** WORK ORDER **
Below are records to print word for word; include none of their pictures.

** LISTED ENTRIES **

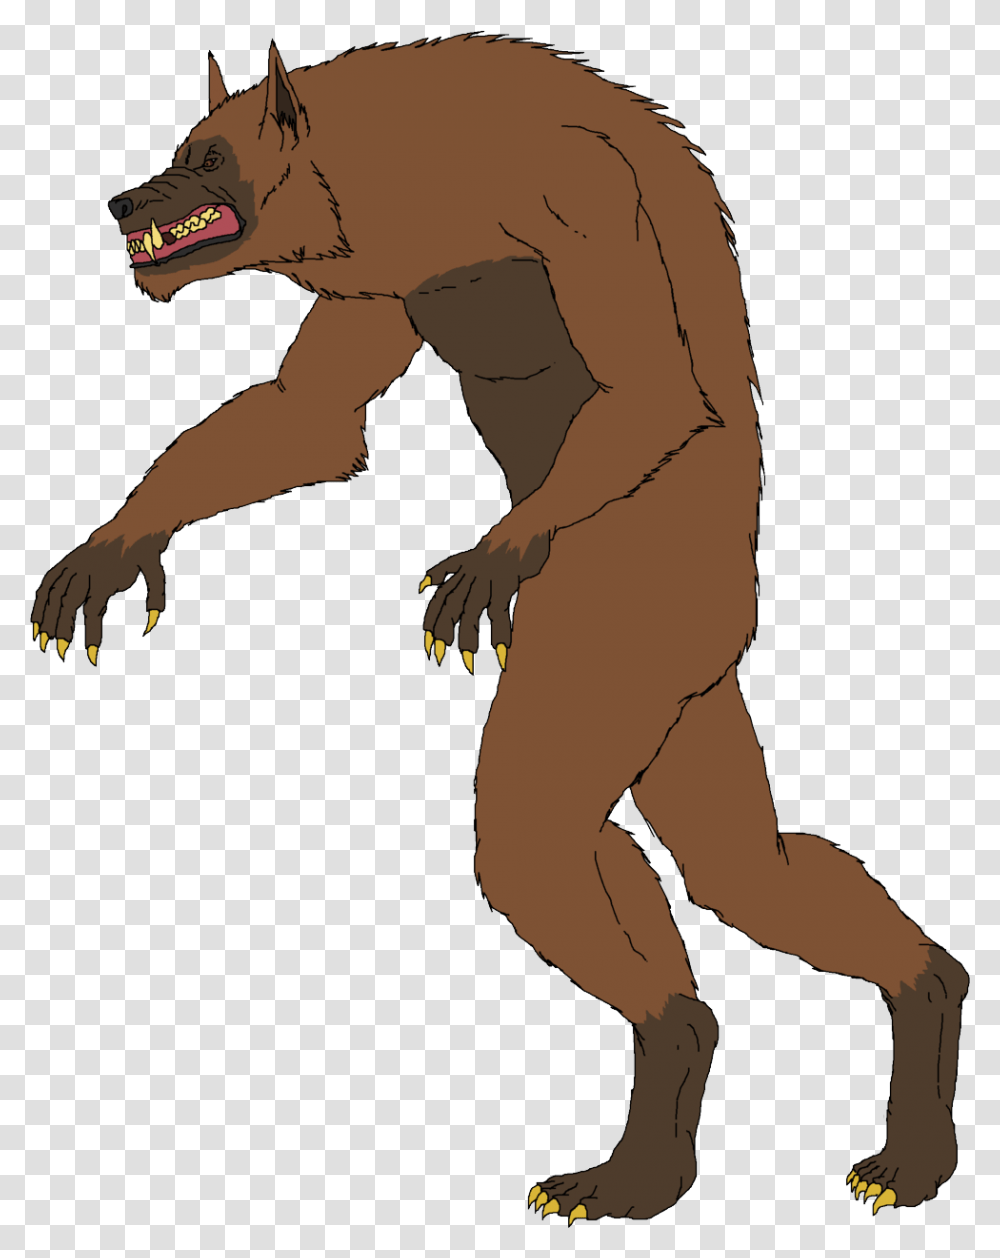 Fictional Character Werewolf Gabriel Van Helsing Quadruped Werewolf, Animal, Person, Human, Mammal Transparent Png
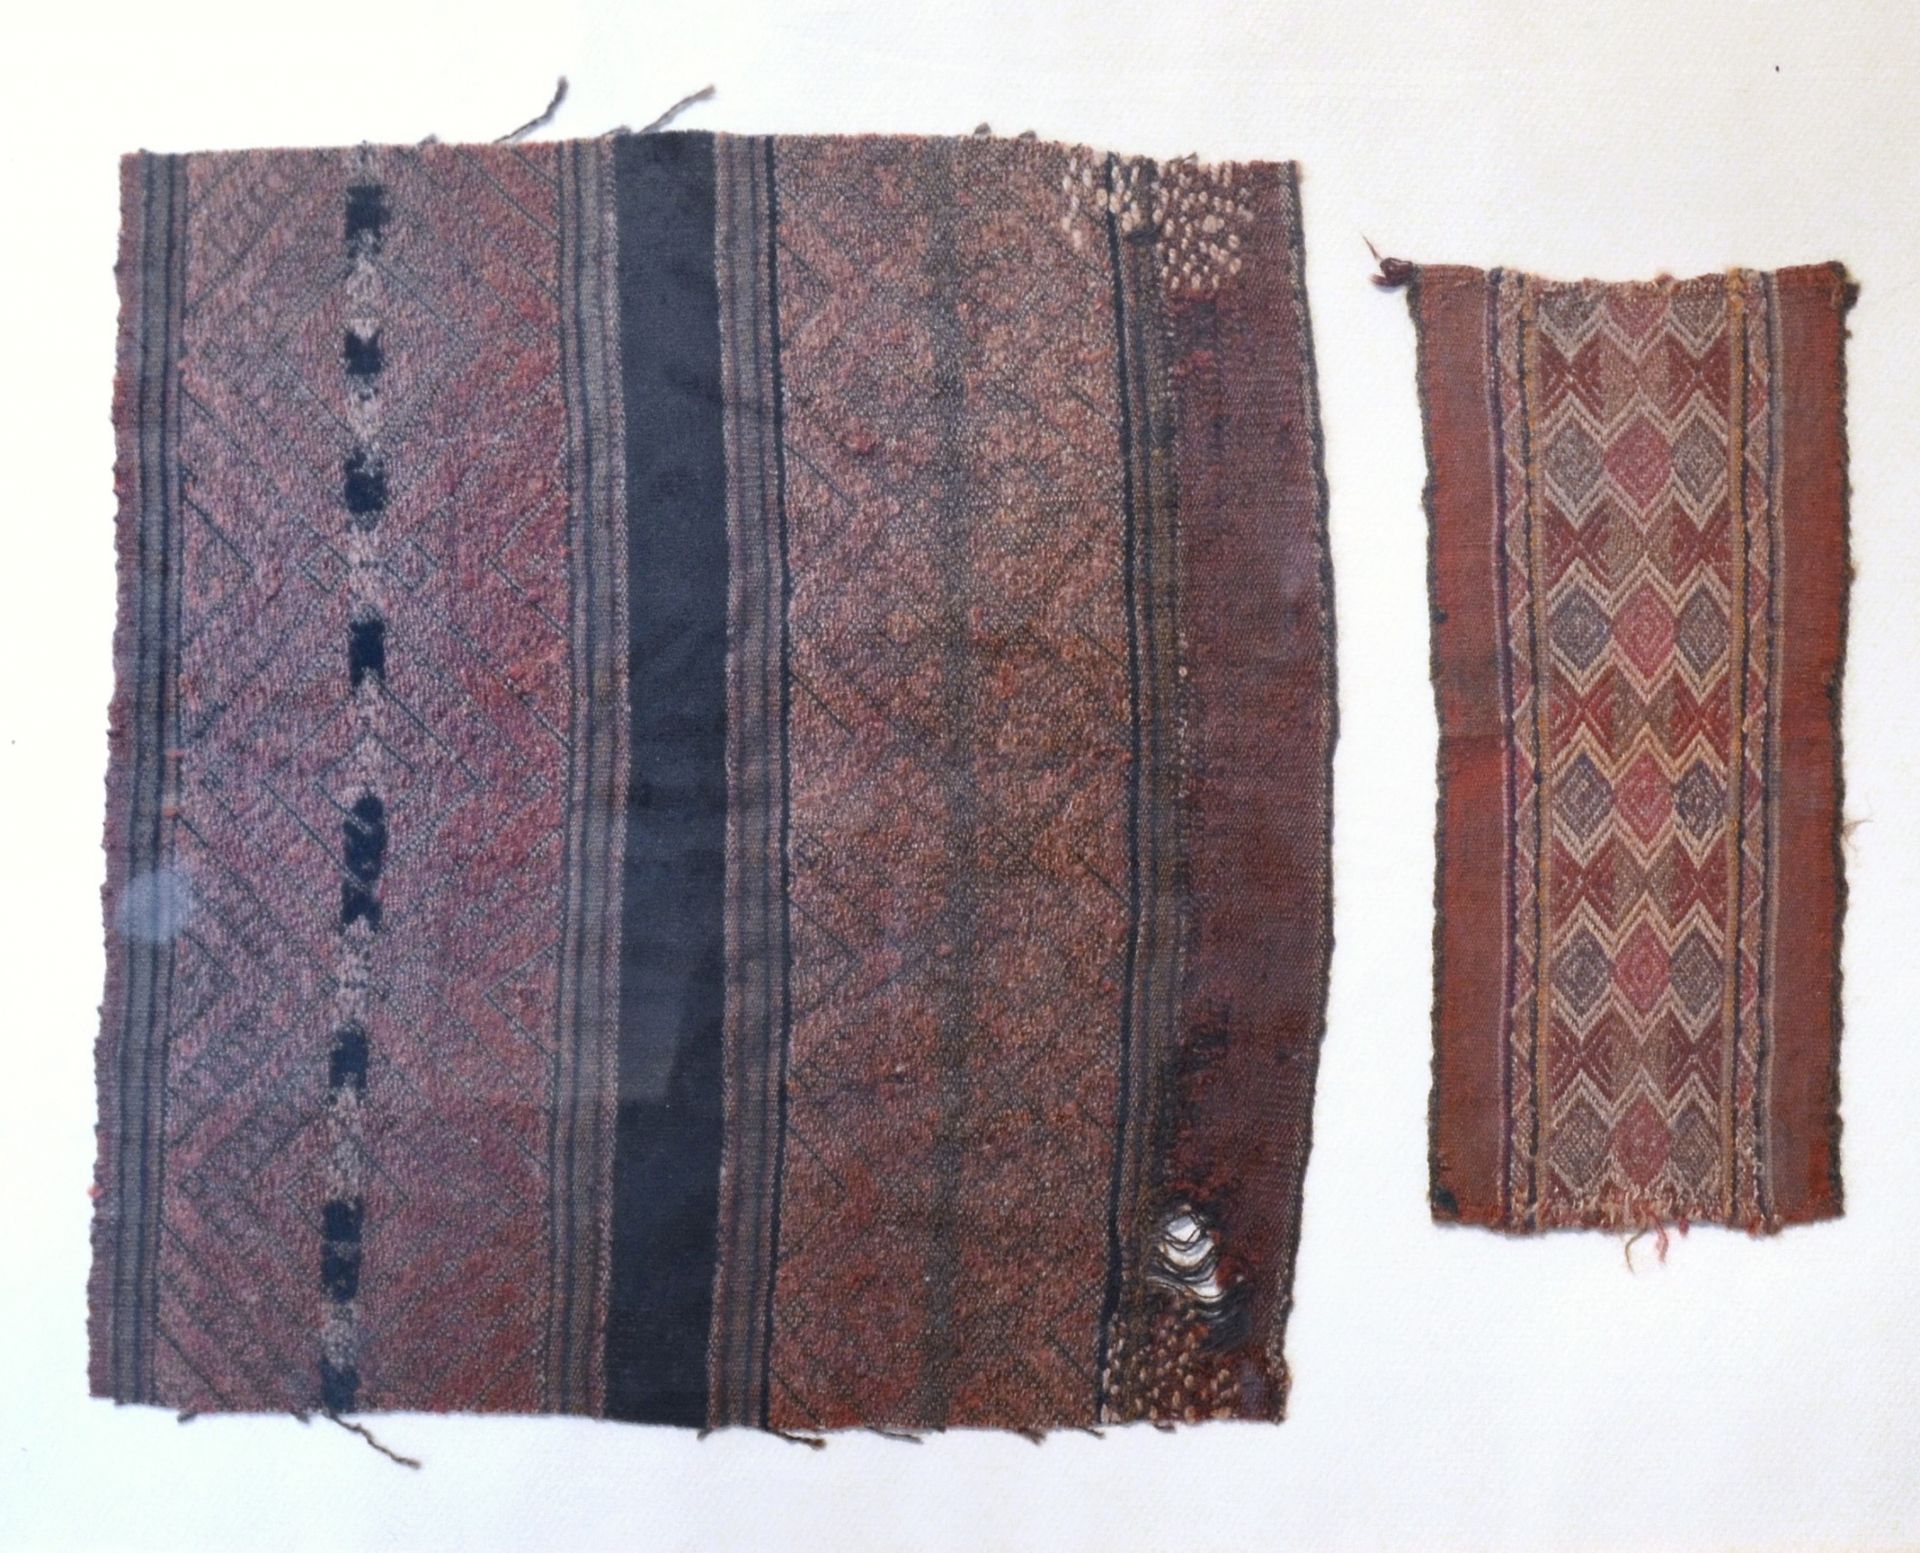 Deux fragments de tissu Ica, Pérou, 1450-1532 après JC

30,5 x 29 cm

22,5 x 10 &hellip;
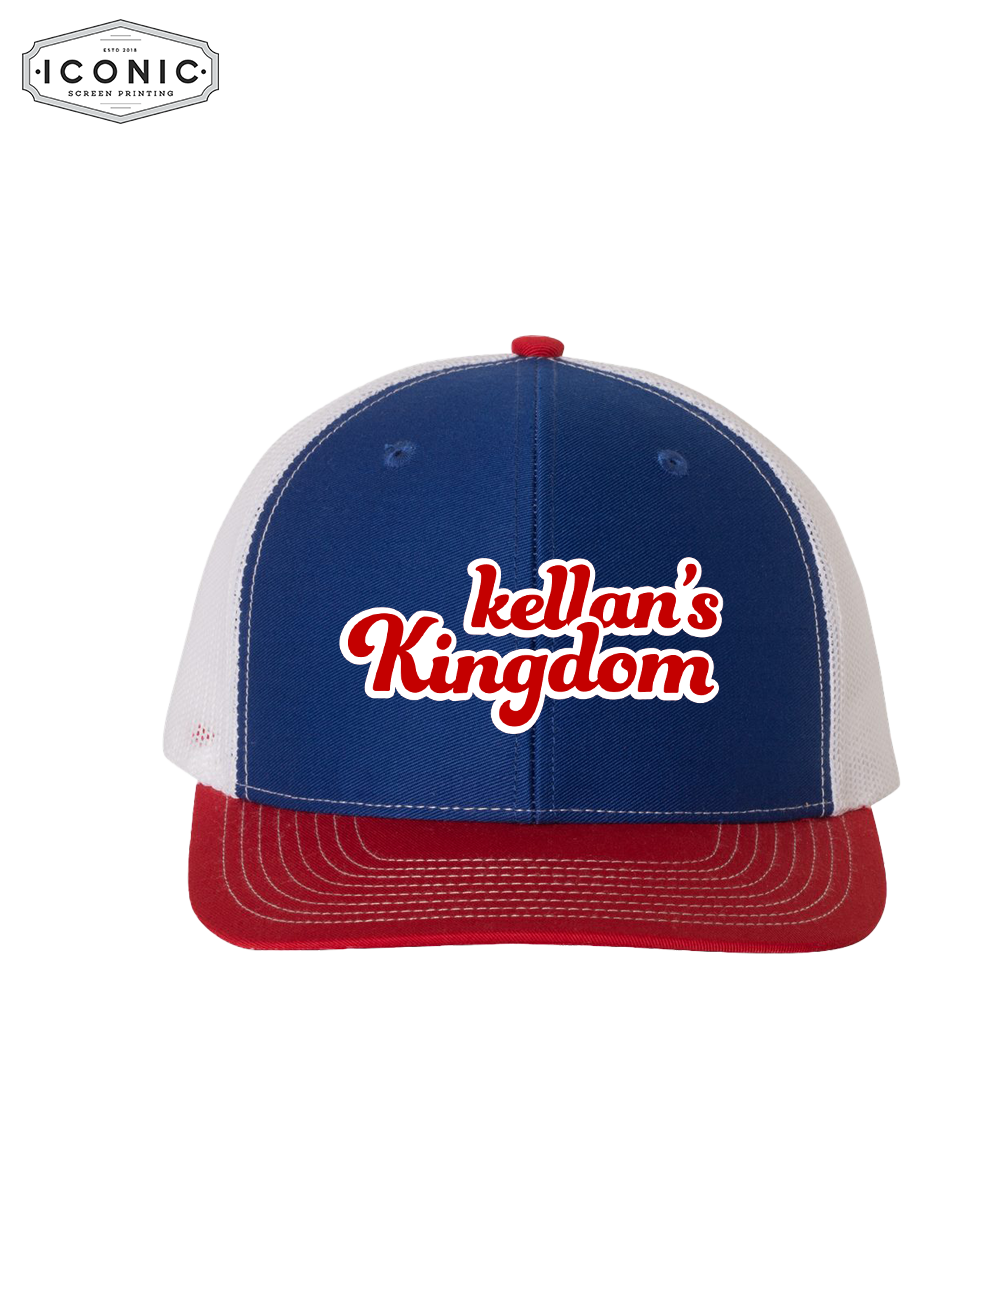 Kellan's Kingdom - Maddox Cotton Twill Snapback Trucker Cap

** SOLUTION BELOW **
 Fictional Character Werewolf Gabriel Van Helsing Quadruped Werewolf, Animal, Person, Human, Mammal Transparent Png
 Deux fragments de tissu Ica, Pérou, 1450-1532 après JC

30,5 x 29 cm

22,5 x 10 &hellip;
 Kellan's Kingdom - Maddox Cotton Twill Snapback Trucker Cap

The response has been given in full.